=== Section Start ===

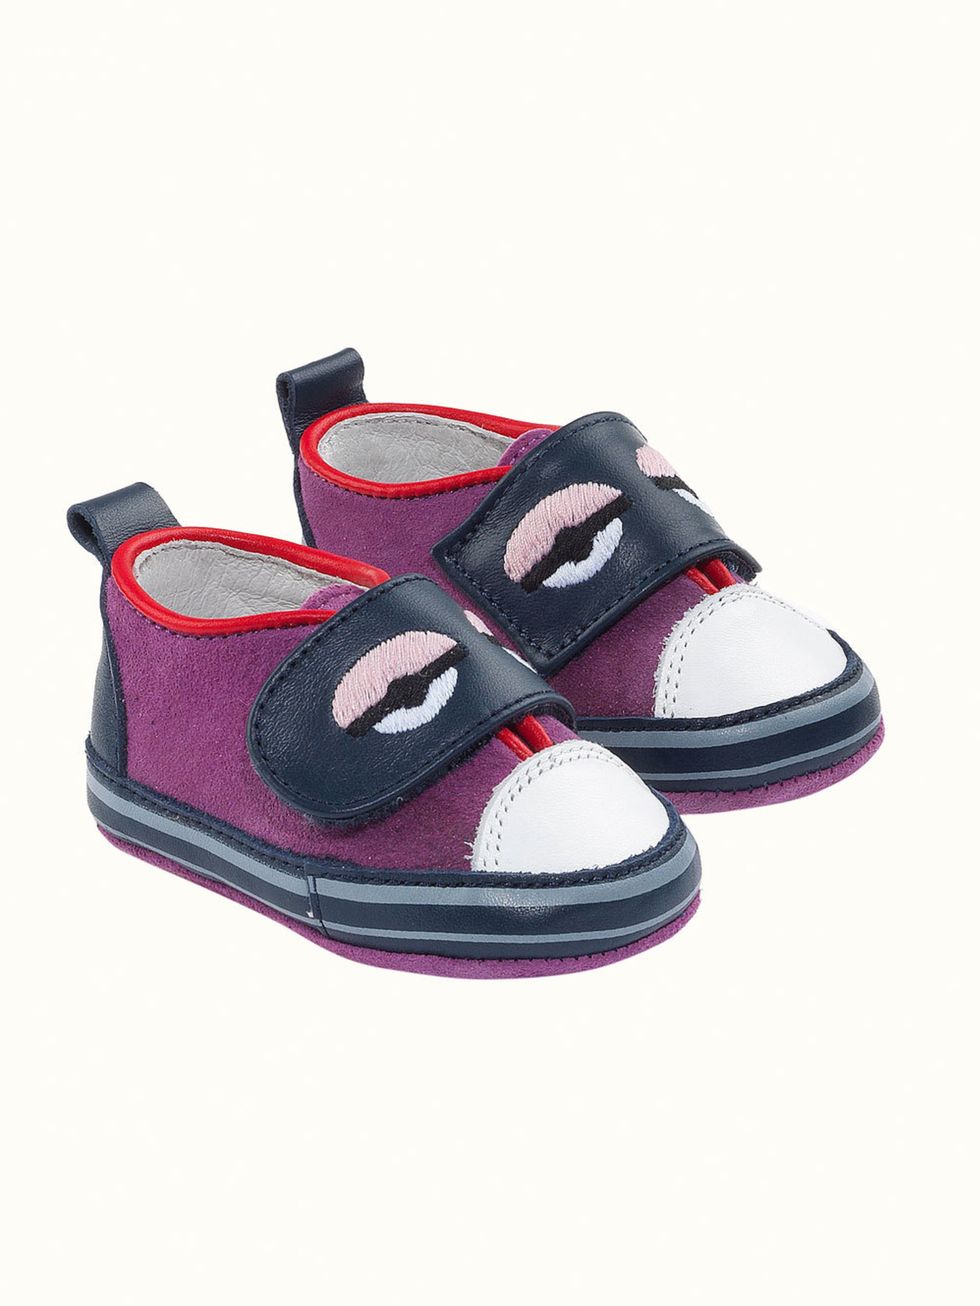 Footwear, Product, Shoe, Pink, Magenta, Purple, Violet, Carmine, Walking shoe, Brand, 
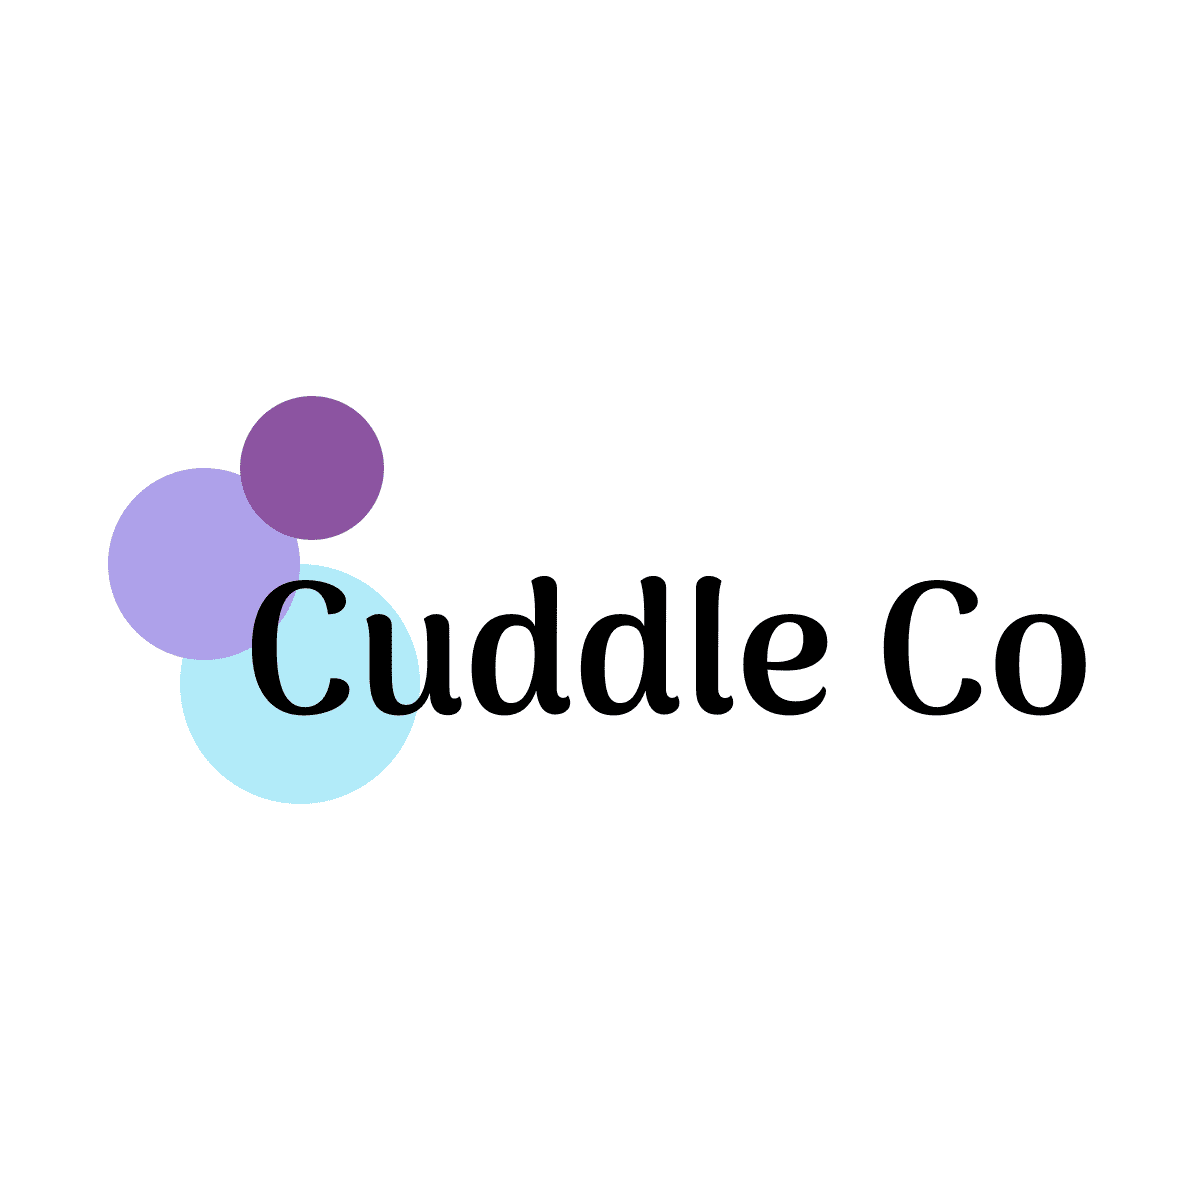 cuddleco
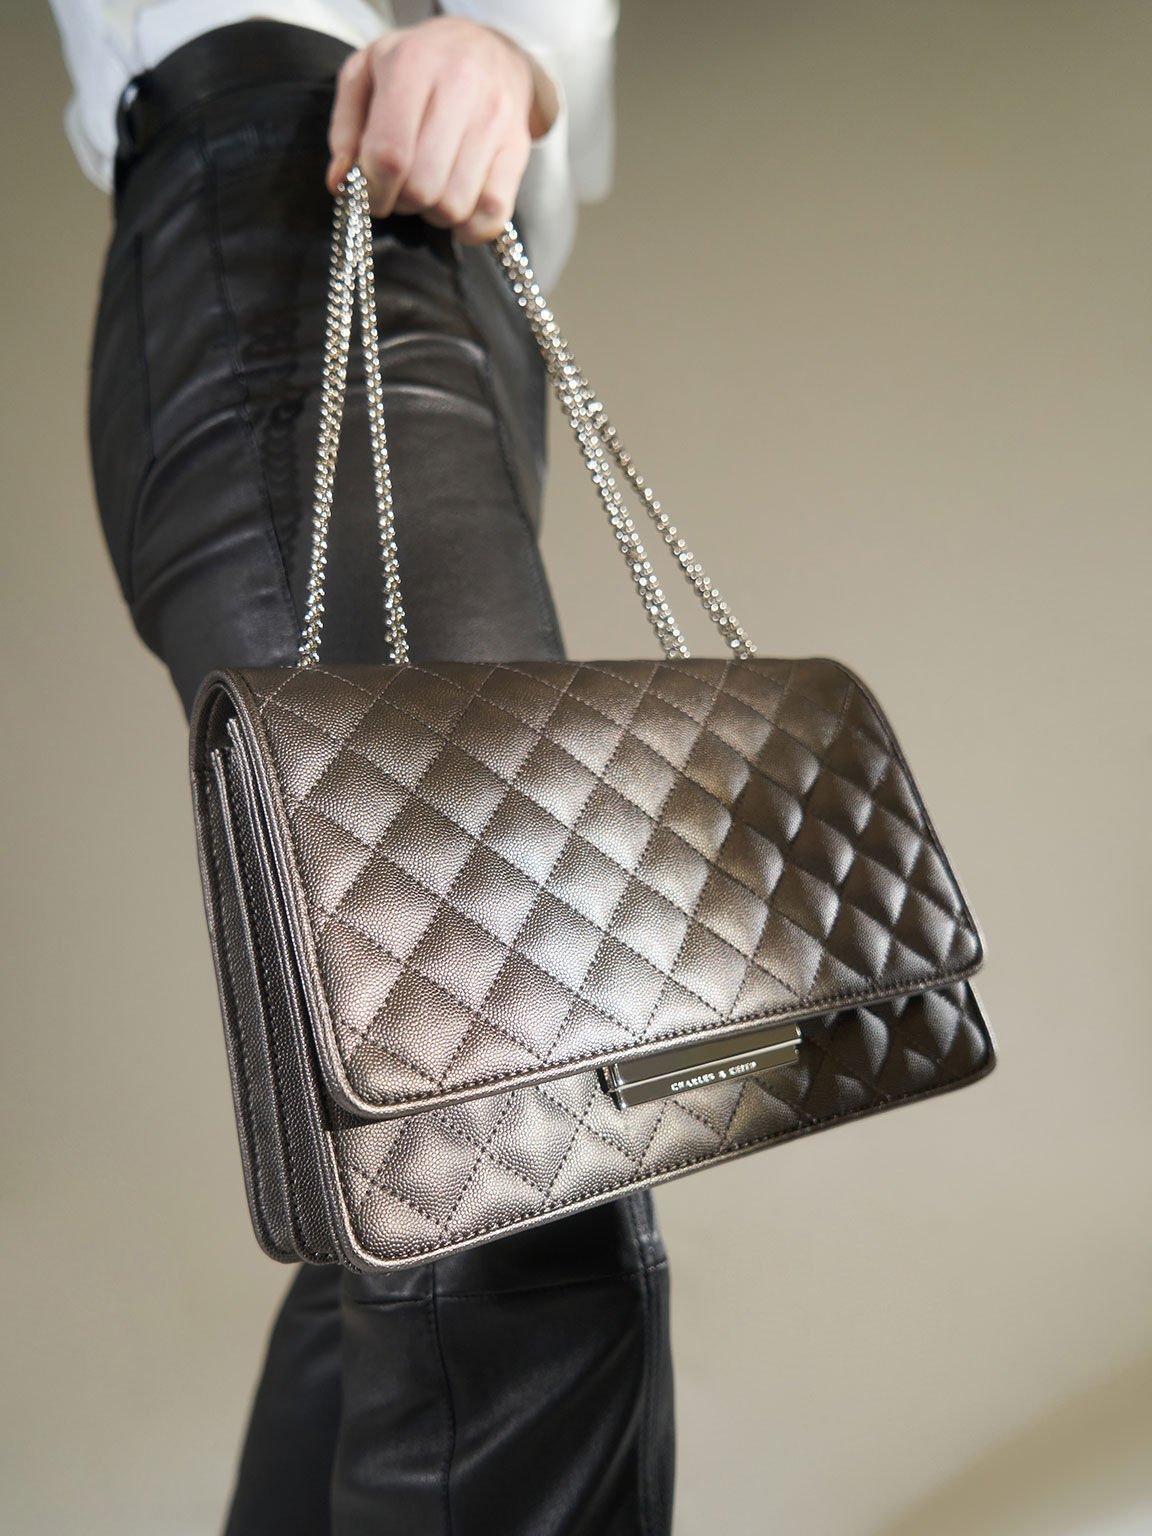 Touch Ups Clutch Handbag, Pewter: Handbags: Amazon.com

=== Section End ===

## WHAT THE EXERCISE ASKS
Skip the pictures, then return the rest of the data exactly.

## OUTPUT OF THE TASK
 Footwear, Product, Shoe, Pink, Magenta, Purple, Violet, Carmine, Walking shoe, Brand, 
 cuddleco
 Touch Ups Clutch Handbag, Pewter: Handbags: Amazon.com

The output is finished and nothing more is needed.